WORK INSTRUCTION: Set down exact lines only, from the line with "Marley Engineered Products" through the last line of the material below, with every picture left out.

PROVIDED DATA:
↓↓↓

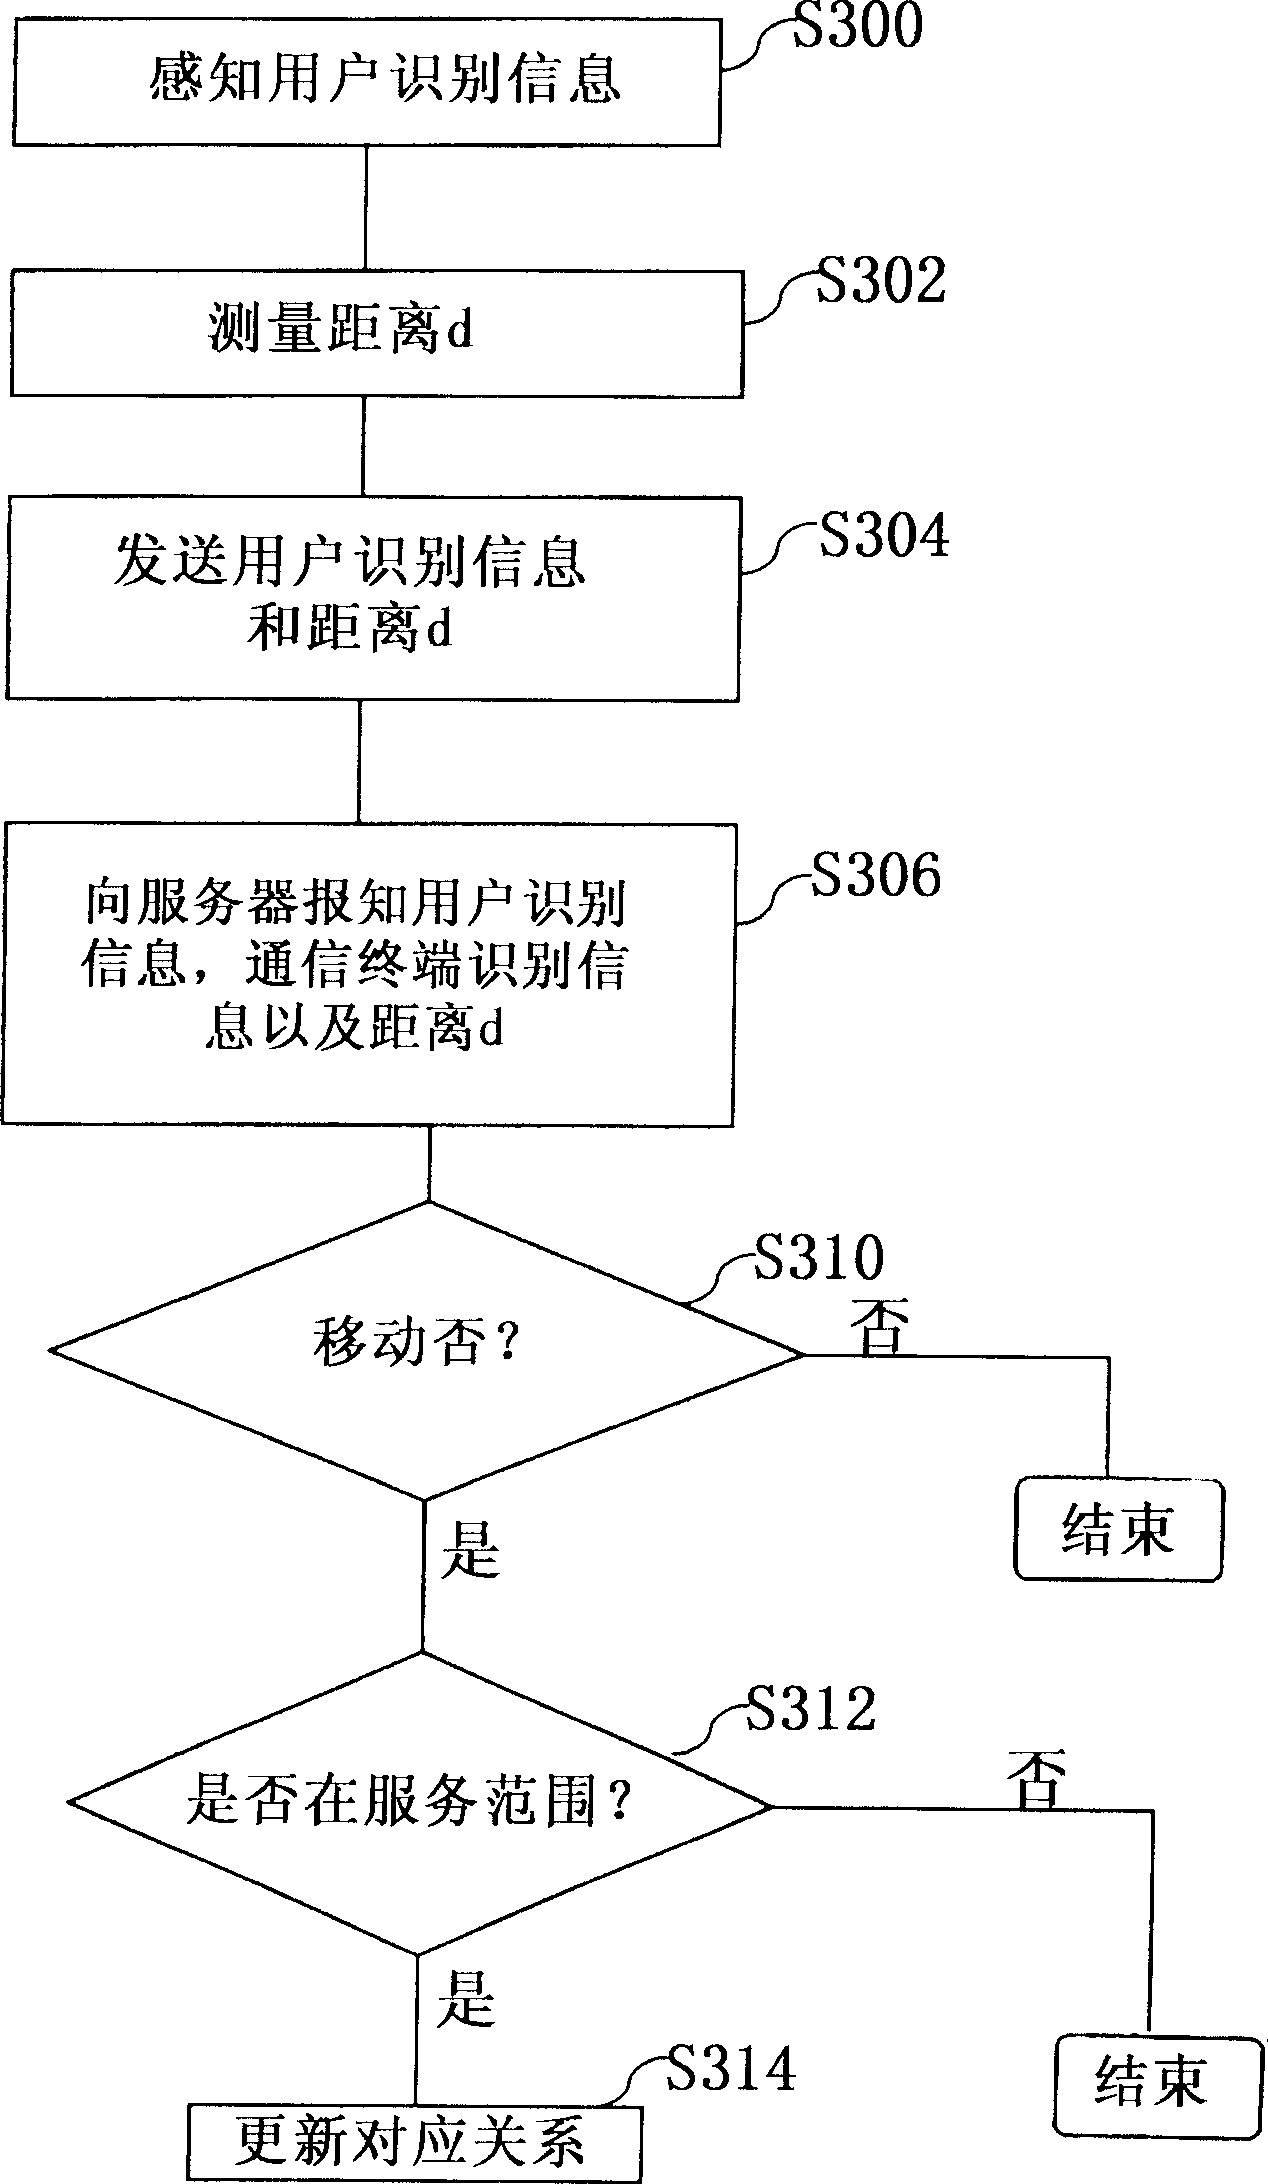 Communication terinal, call switching server, communication service providing system and method
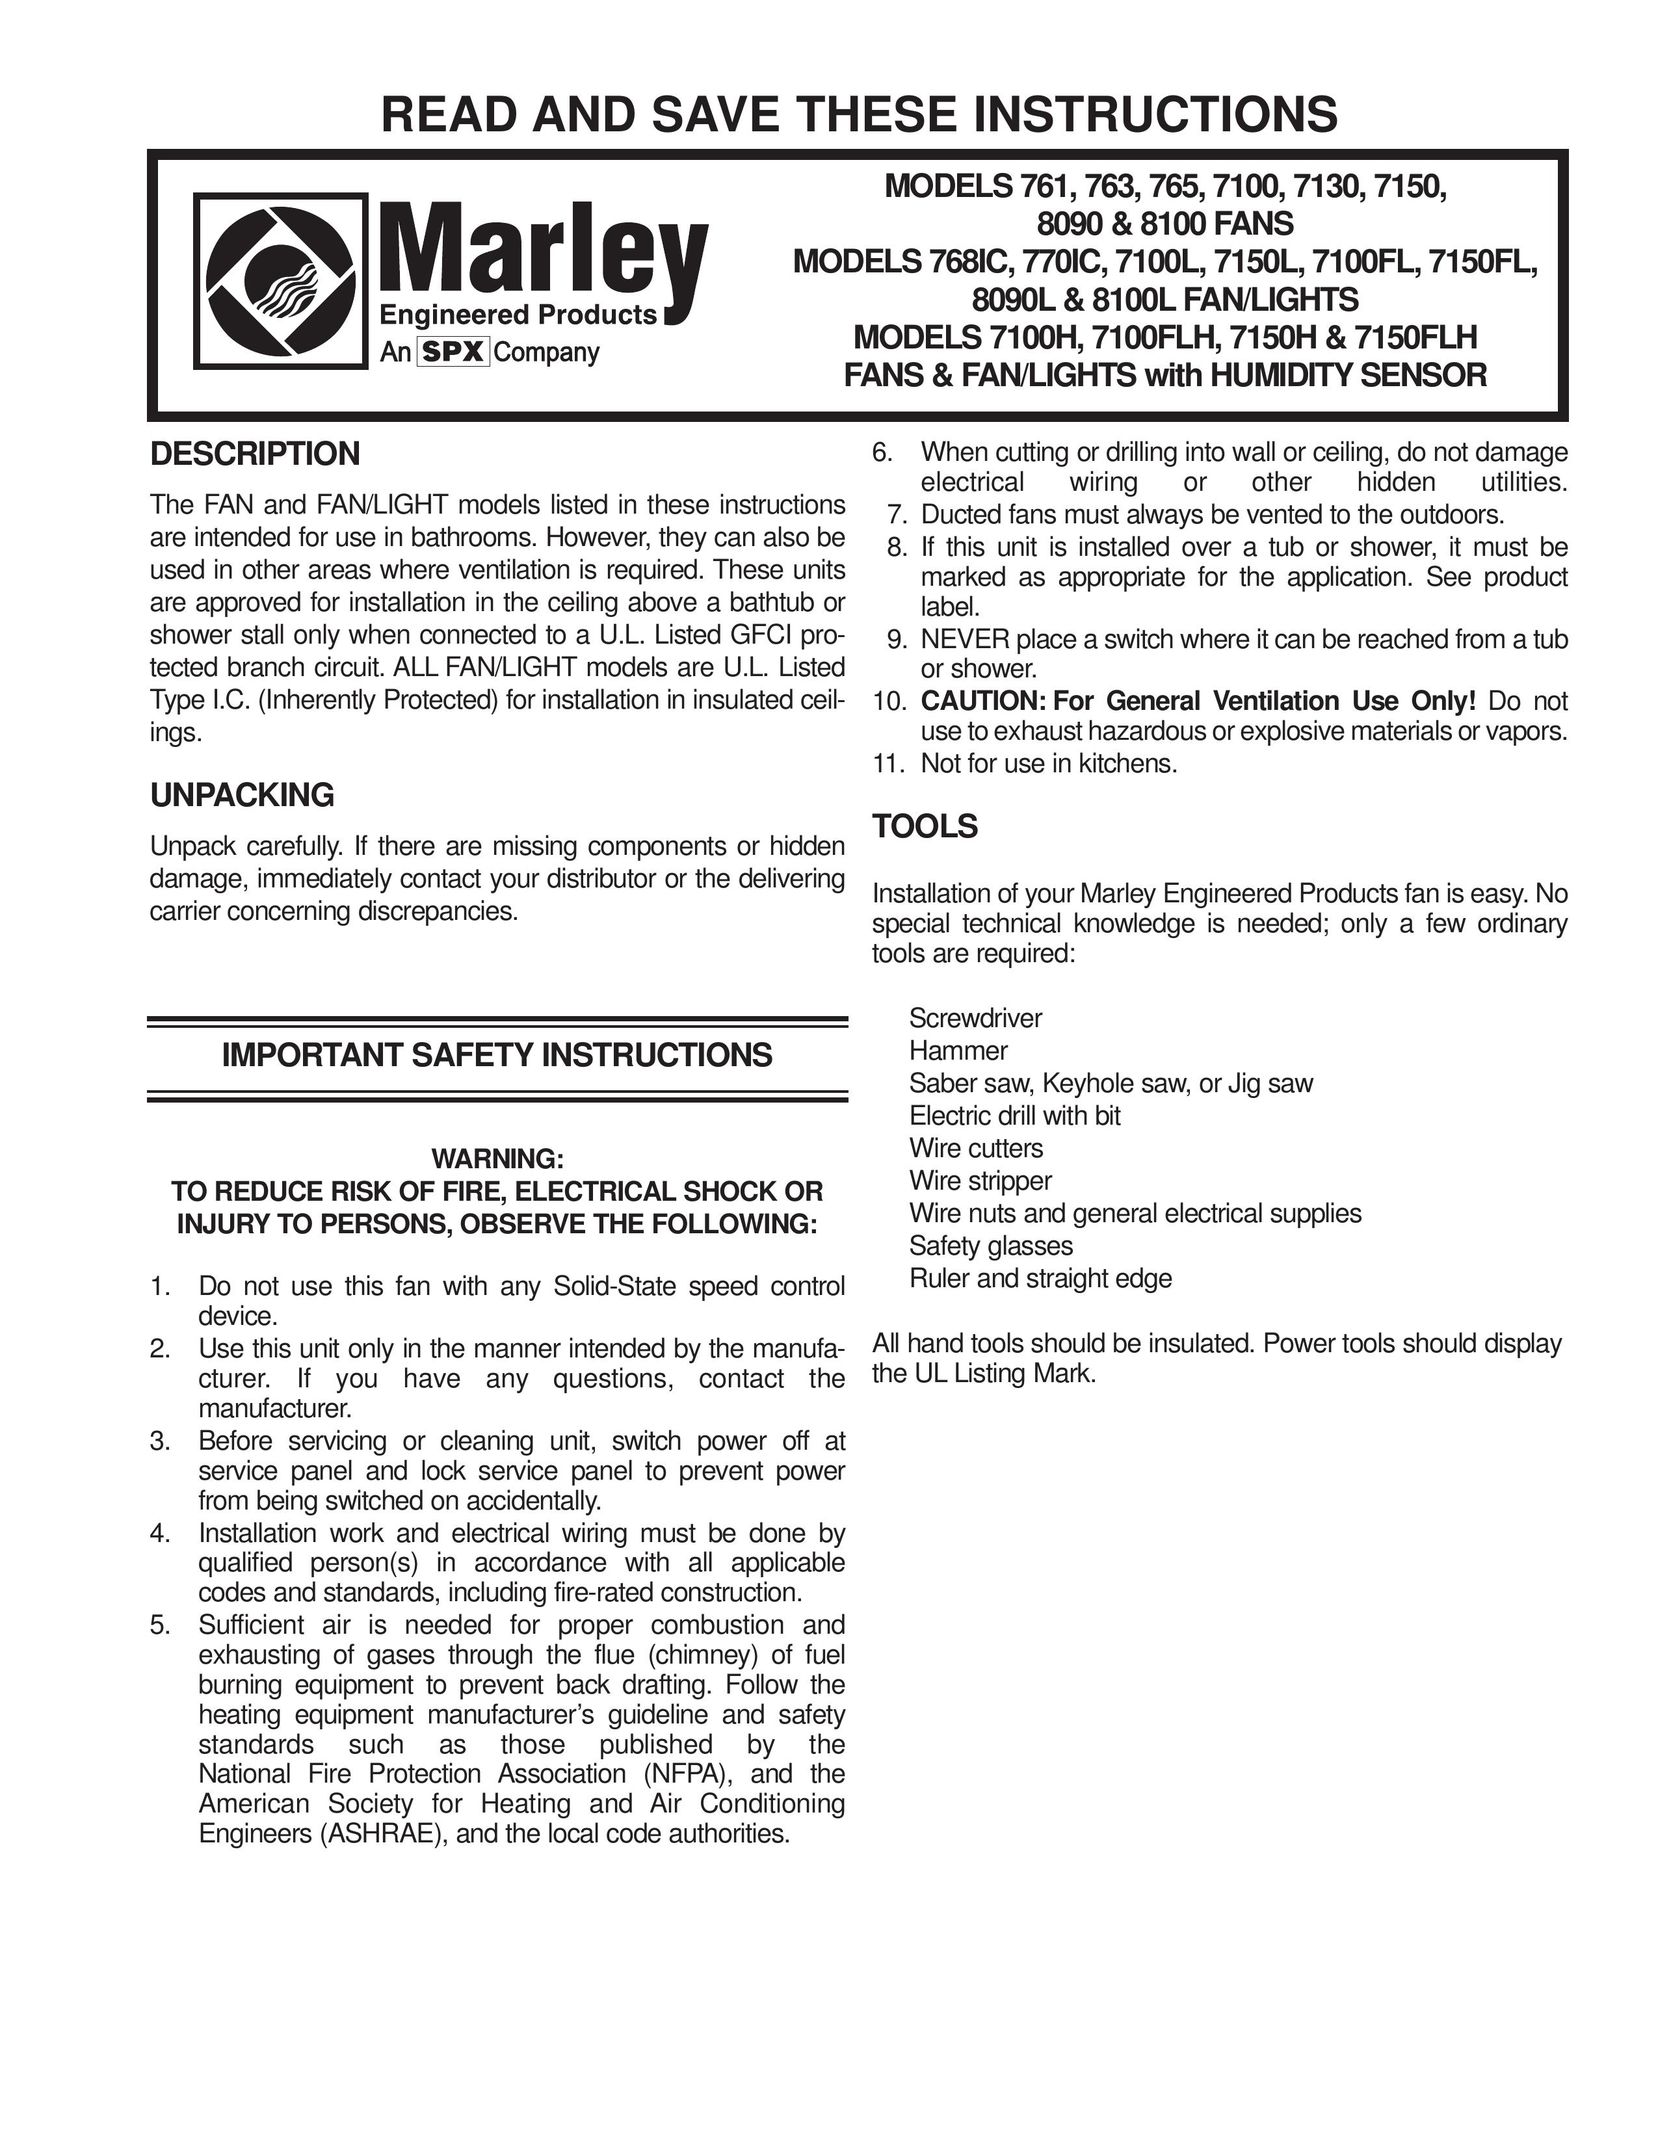 Marley Engineered Products 7150L Fan User Manual
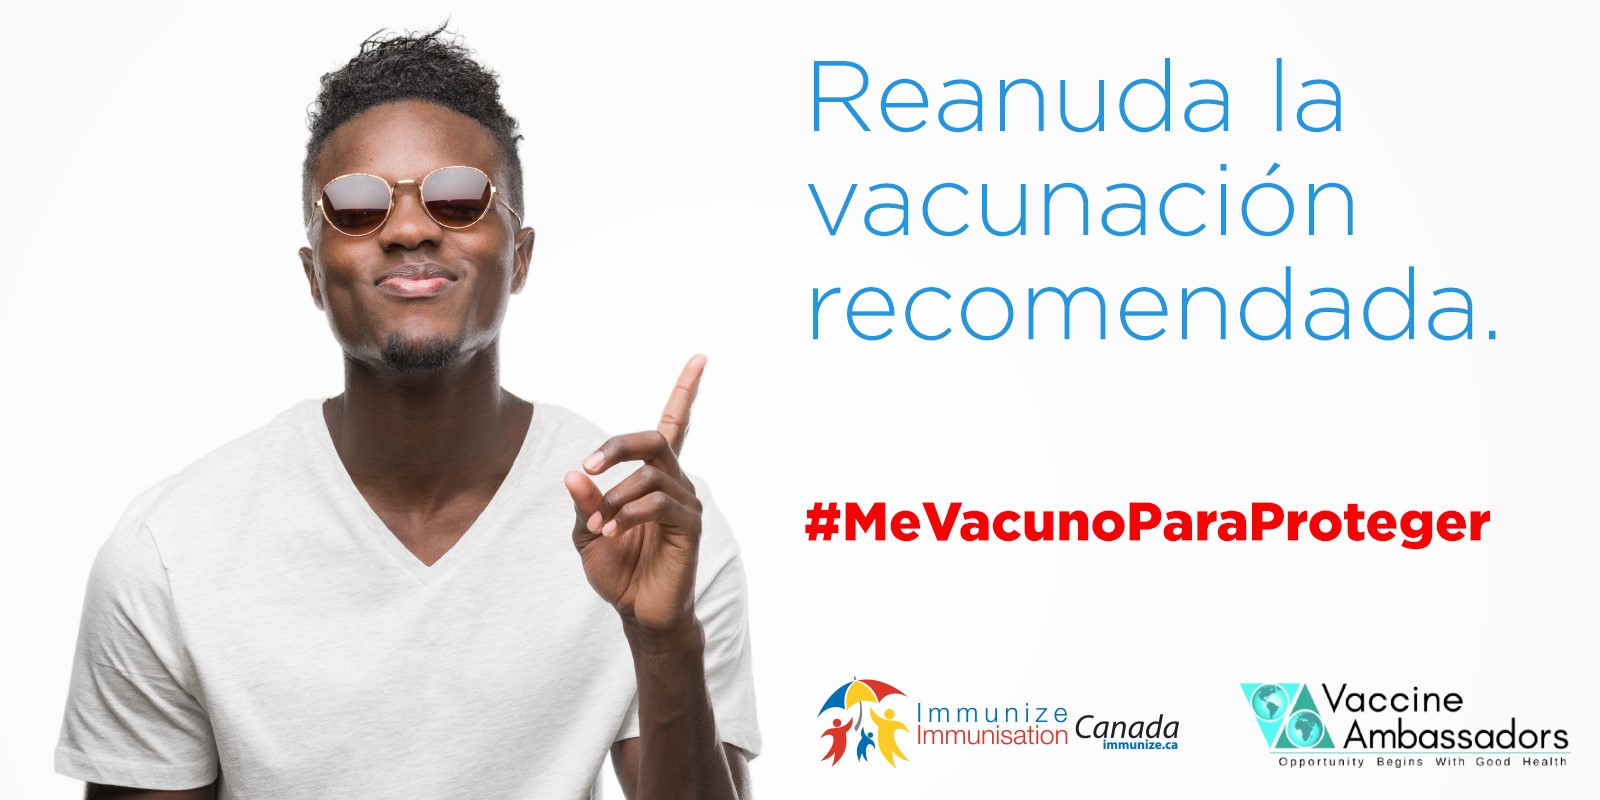 Adults: Get back on track with recommended vaccines. | Spanish
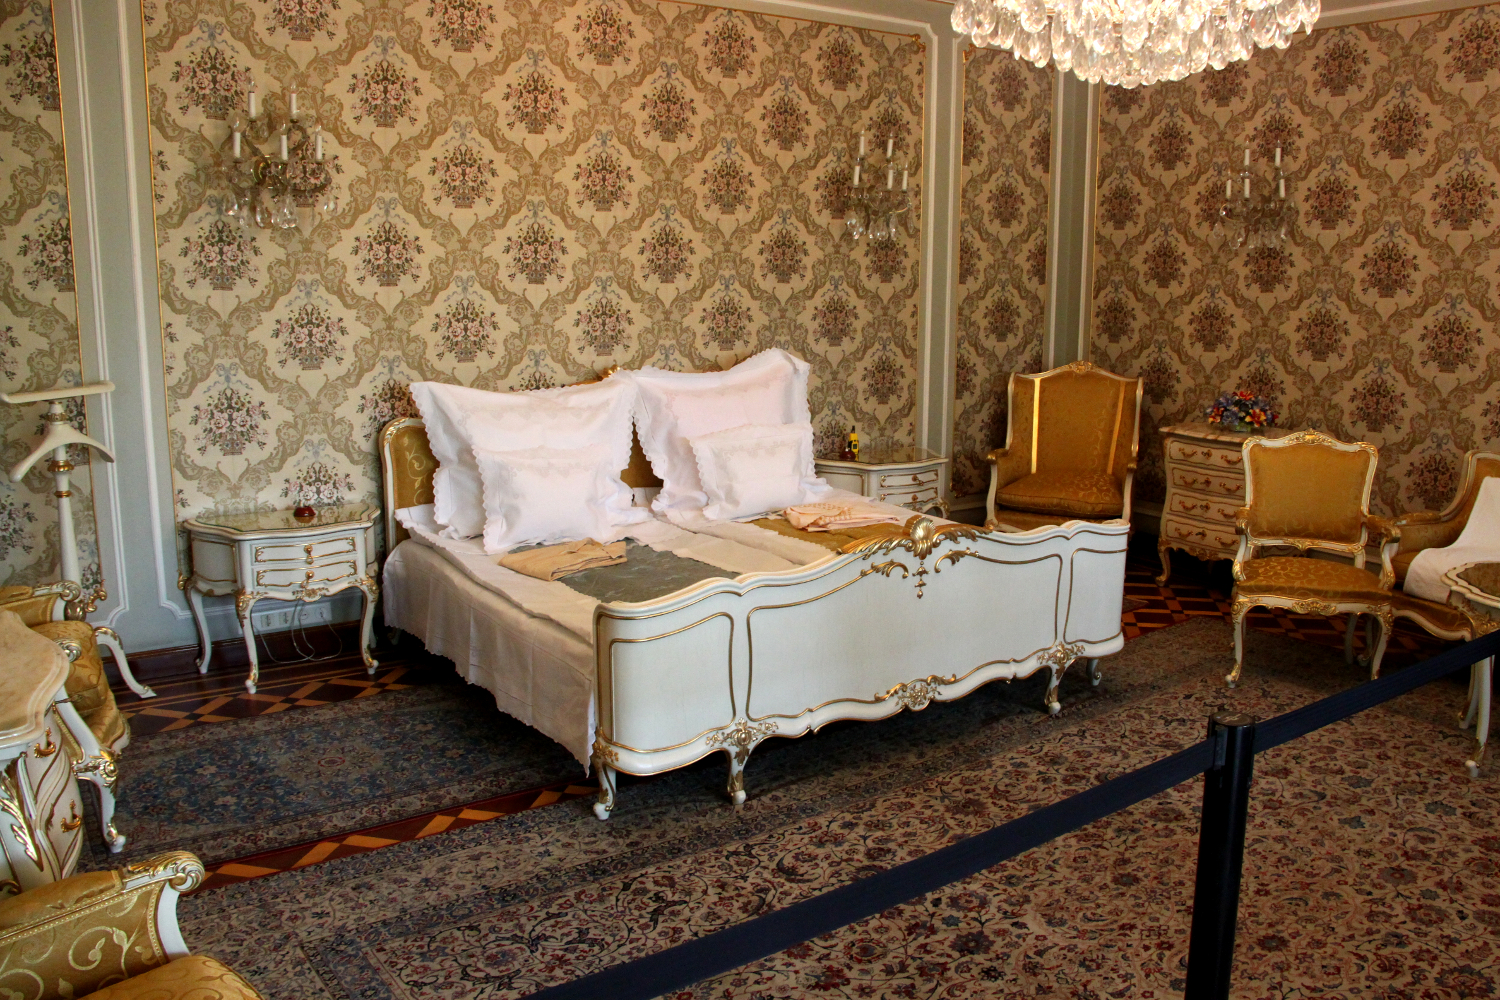 Primaverii (Spring) Palace, Ceausescu’s private residence - Nicolae and Elena Ceausescu's bedroom - they have the original sheets

↑↑↑

ANSWER TO THIS TASK:
 Marley Engineered Products 7150L Fan User Manual
 Adults: Get back on track with recommended vaccines. | Spanish
 Primaverii (Spring) Palace, Ceausescu’s private residence - Nicolae and Elena Ceausescu's bedroom - they have the original sheets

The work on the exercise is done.